Михал вернулся летом девятнадцатого года. Это было чудо – ведь в мире, где война перепутала все правила, часто происходят чудеса.

Михал возвращался домой три месяца. Место, откуда он шел, находилось почти на другой стороне земного шара – город на берегу чужого моря, Владивосток. Он освободился от Властелина Востока, владыки хаоса, но поскольку все, что существует за границами Правека, расплывчато и туманно, как сон, Михал уже не думал об этом, входя на мост.

Он был больным, истощенным и грязным. Его лицо заросло черной щетиной, а в волосах гуляли стада вшей. Потрепанный мундир разбитой армии висел на нем, как на палке, и не сохранил ни единой пуговицы. Блестящие пуговицы с царским орлом Михал выменял на хлеб. Еще у него были горячка, понос и мучительное ощущение, что нет больше того мира, который он покидал, отправляясь на войну. Надежда вернулась к нему, когда он остановился на мосту и увидел Черную и Белянку, соединяющиеся в бесконечном веселье. Реки остались на месте, остался мост, остался зной, разрушающий камни.

С моста Михал увидел белую мельницу и красные пеларгонии в окнах.

Перед мельницей играл ребенок. Маленькая девочка с толстыми косичками. Ей могло быть года три-четыре. Вокруг нее с важностью топтались белые куры. Женские руки открыли окно. «Случится самое плохое», – подумал Михал. Отраженное в движении стекла солнце на мгновение ослепило его. Михал направился к мельнице.

Он спал целый день и целую ночь, а во сне пересчитывал все дни последних пяти лет. Его истерзанный, помраченный рассудок путался и блуждал в сонных лабиринтах, поэтому Михал должен был свой пересчет начинать снова и снова. А Геновефа все это время внимательно рассматривала жесткий от пыли мундир, трогала пропотевший воротник, засовывала руки в карманы, пахнущие табаком. Гладила застежки рюкзака, не решаясь открыть его. Потом мундир повис на заборе, так что увидеть его должны были все, кто проходил мимо мельницы.

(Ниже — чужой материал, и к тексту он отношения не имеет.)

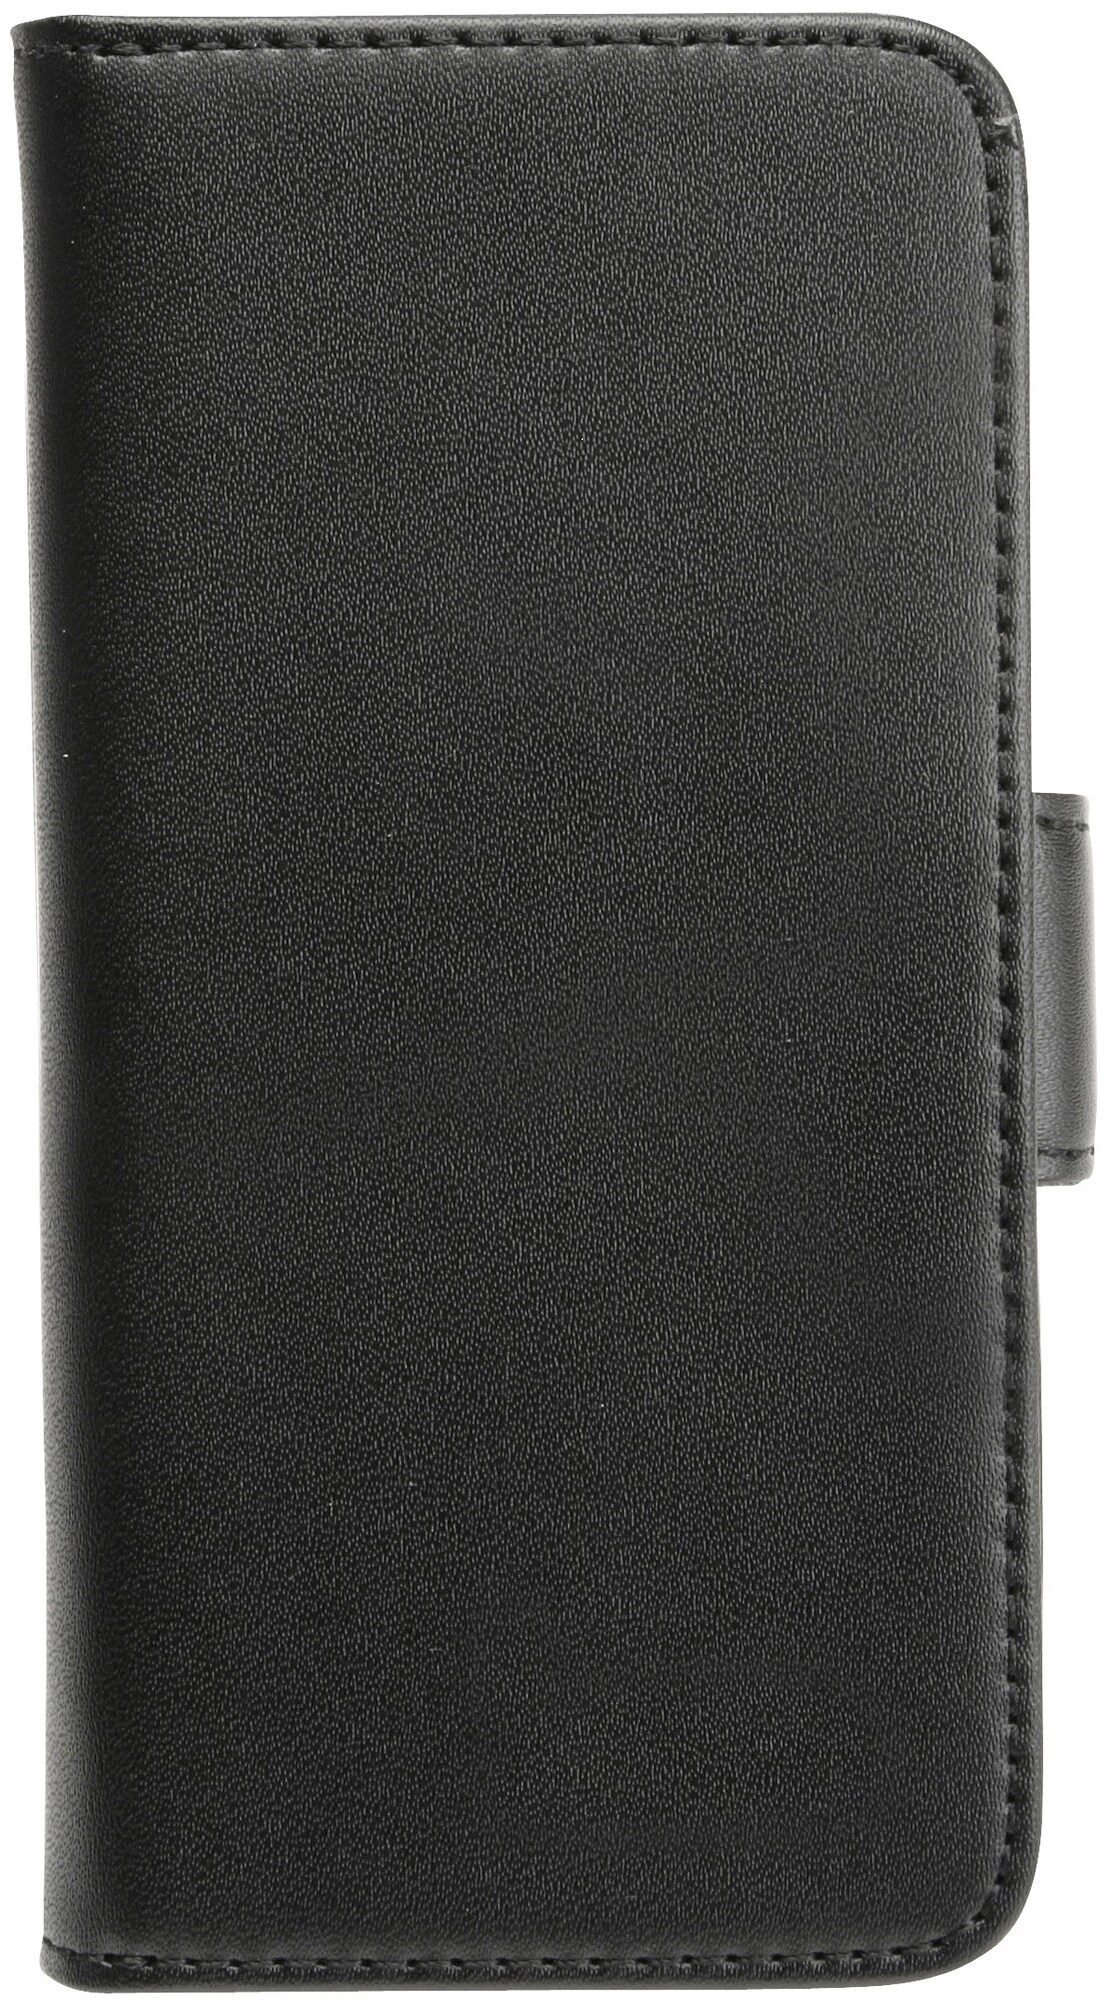 Gear Plånboksväska för iPhone 5s (svart) - Elgiganten

На следующий день Михал проснулся на рассвете и разглядывал спящего ребенка. Подробно перечислял то, что видит:

– Каштановые волосы, густые… темные брови, смуглая кожа, маленькие уши, маленький нос… у всех детей маленькие носы… руки пухлые, детские, и ногти, маленькие, круглые…

Потом подошел к зеркалу и начал разглядывать самого себя. И показался самому себе чужим человеком.

Он обошел мельницу, гладил вращающееся большое каменное колесо, собирал ладонью мучную пыль, смаковал на кончике языка. Опустил руки в воду, провел пальцем по доскам забора, понюхал цветы, покрутил колесо сенокосилки. Она скрипнула и срезала несколько стеблей крапивы.

За мельницей вошел в высокую траву и помочился.

Когда он вернулся в избу, то отважился взглянуть на Геновефу. Она не спала. Смотрела на него.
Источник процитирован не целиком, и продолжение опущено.